New Year’s Absolutions 2018

Every year I like to write a list of things I absolve myself from doing, no matter how good they may be for my mind/body/soul/relationships/success/wallet, and so on.

This year I absolve myself of the following:

Eating spaghetti squash as ‘pasta’

While I am all for substituting healthier foods for less-healthy foods, like Greek yoghurt for sour cream, spaghetti squash is a heinous abomination and no one should ever have to eat it. Blech! ***same goes for making ‘noodles’ out of zucchini (double blech)

Meditating

Meditating is supposed to be really good for you. It also happens to be very stressful!!!!! I can’t do it. I have tried, really tried, but I cannot clear my mind. I end up going off on a crazy tangent about what a clear mind is or what ‘nothing’ looks like. It turns into Mr Toad’s Wild Ride in there. My brain is clearly not supposed to be clear.

Going completely paperless

This one is really hard for me. I am 100% on board with receiving emails instead of letters from insurance companies and the electric company, but I still like to write things down. Notes, lists, ideas, thank you cards – I even like wall calendars.
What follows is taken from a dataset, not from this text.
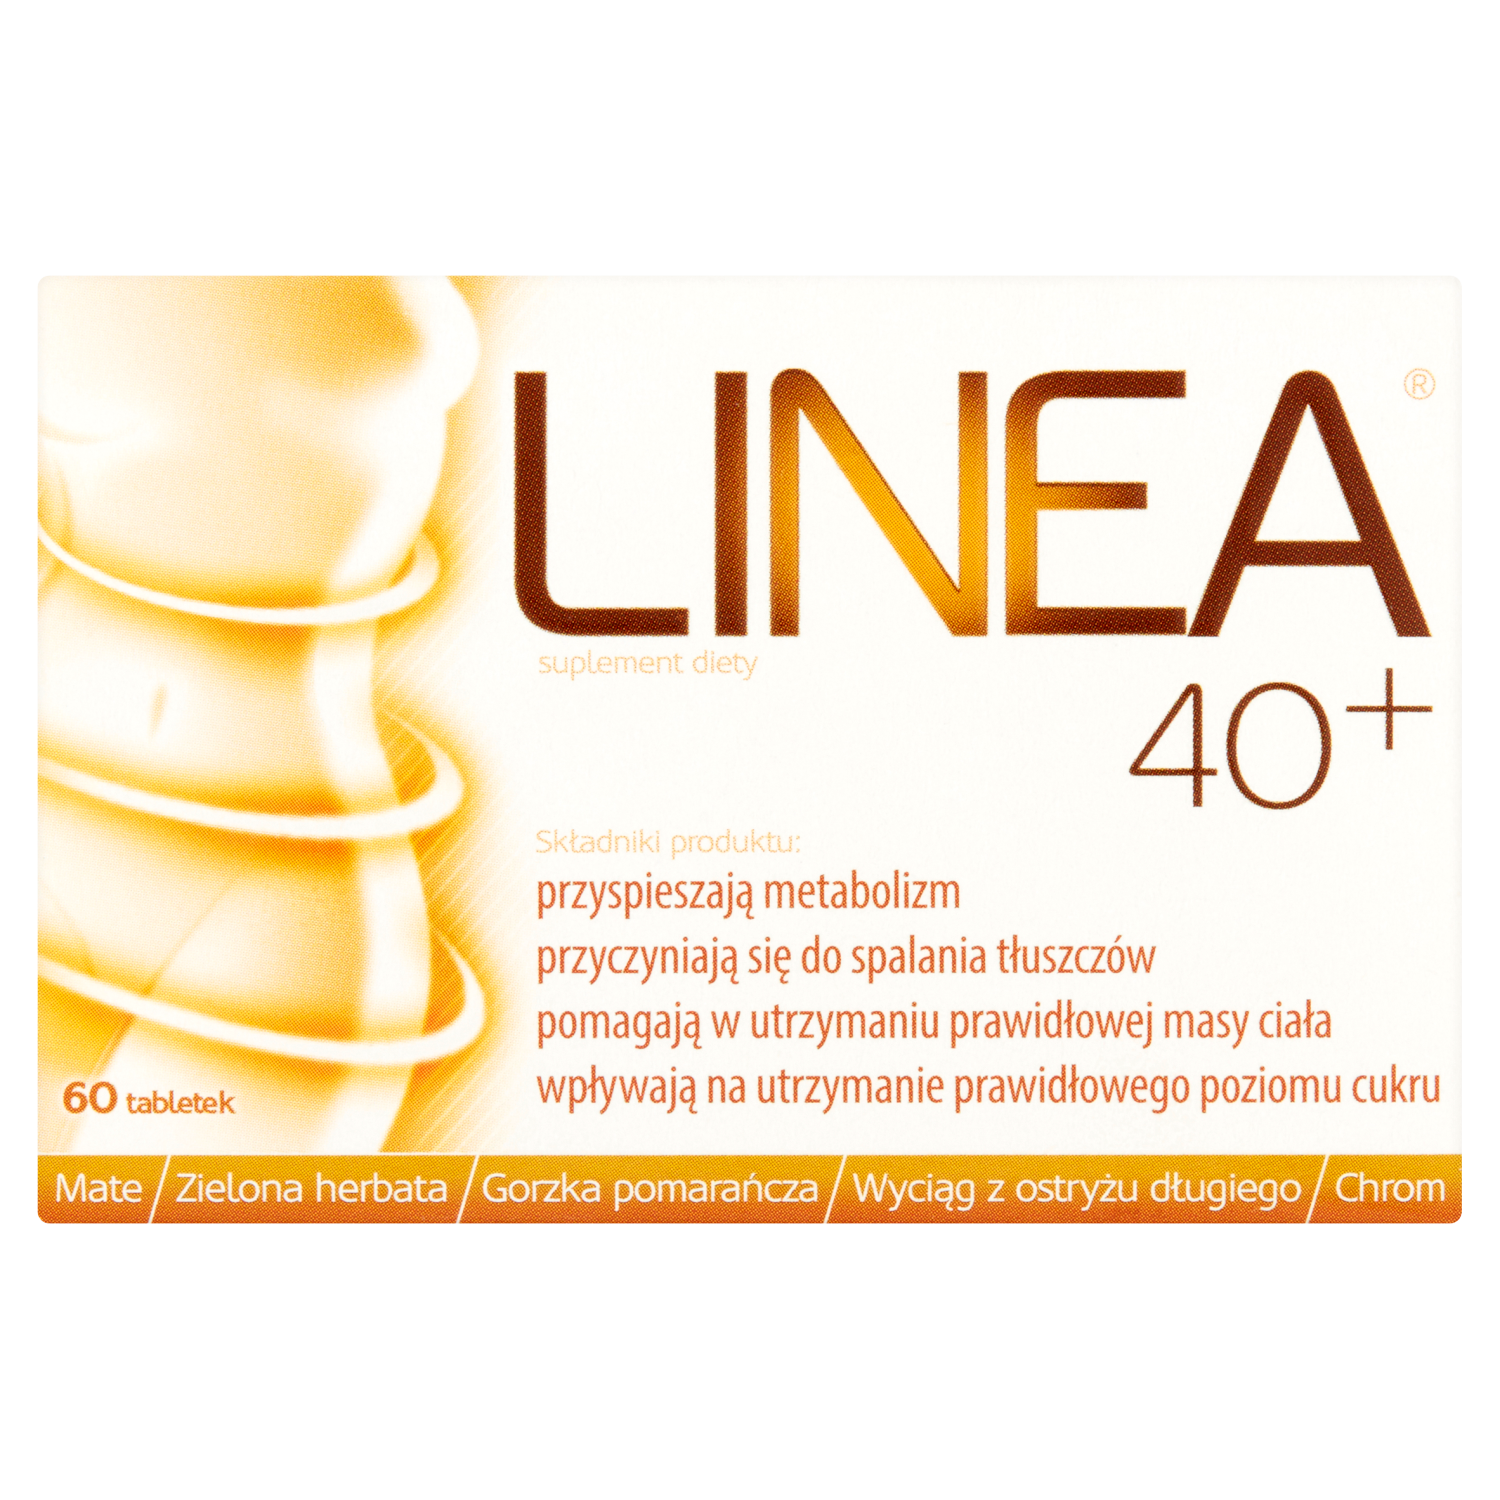 vita miner prenatal биологически активная добавка 60 таблеток 1 упаковка Linea 40+ биологически активная добавка, 60 таблеток/1 упаковка

Yes, everything is in my digital calendar and my phone beeps regular reminders at me, but there’s something lovely about walking past a (pretty) wall calendar and seeing that it’s only a week ’til our friends come to stay. Plus, I was a teacher for 14 years, and teachers love stationery – it’s in our blood. I will never, ever give up my notebooks, Post-its, or coloured pens. EVER.
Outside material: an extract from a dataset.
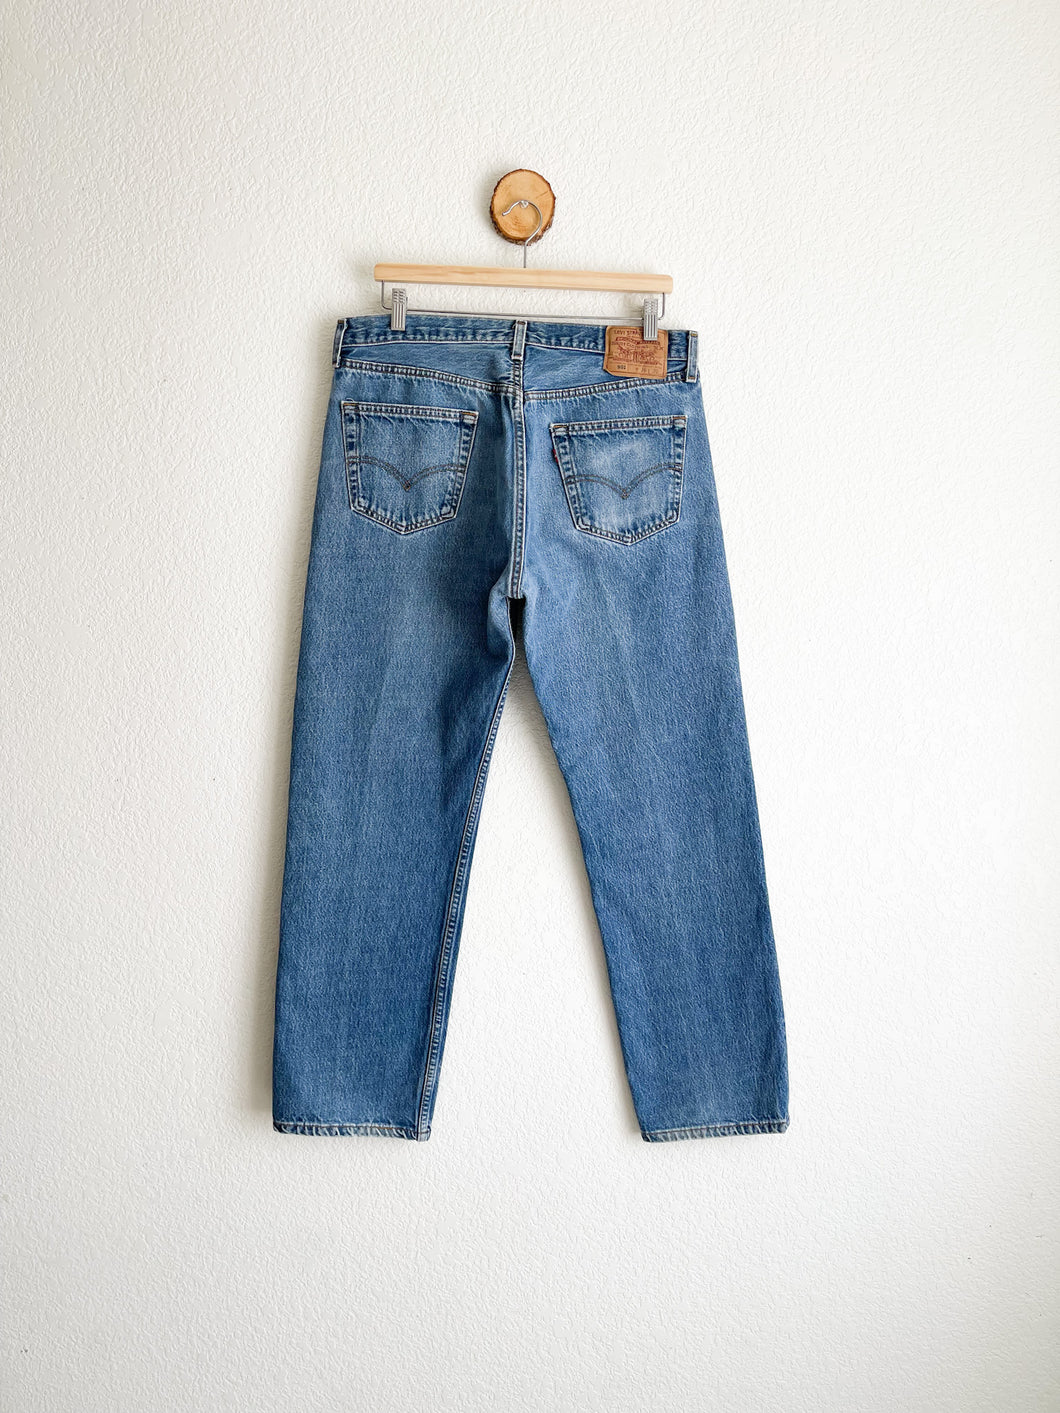 Vintage Levi's 501 Jeans - 34

Drinking kombucha, coconut water, or apple cider vinegar

Besides the fact that the science documenting the benefits of these drinks is either non-existent, incomplete or inconclusive, they taste bad. ‘Nough said.

Choice on kombucha

Choice on coconut water

The Conversation on apple cider vinegar

 

Going grey

I have seriously considered just letting the greys grow out. I colour my roots every 2-3 weeks (yes, really) and we’re about to live around the world for a year. It would be highly convenient to give up the root touch-ups and go grey. But if I did, I would look like the human version of Pepe Le Pew, as most of the hair on the top of my head is silver, but not-so-much on the sides or in the back. Plus, I don’t think I’d like it very much. I’m too vain and I like my hair not being grey.

So, what do you absolve yourself from?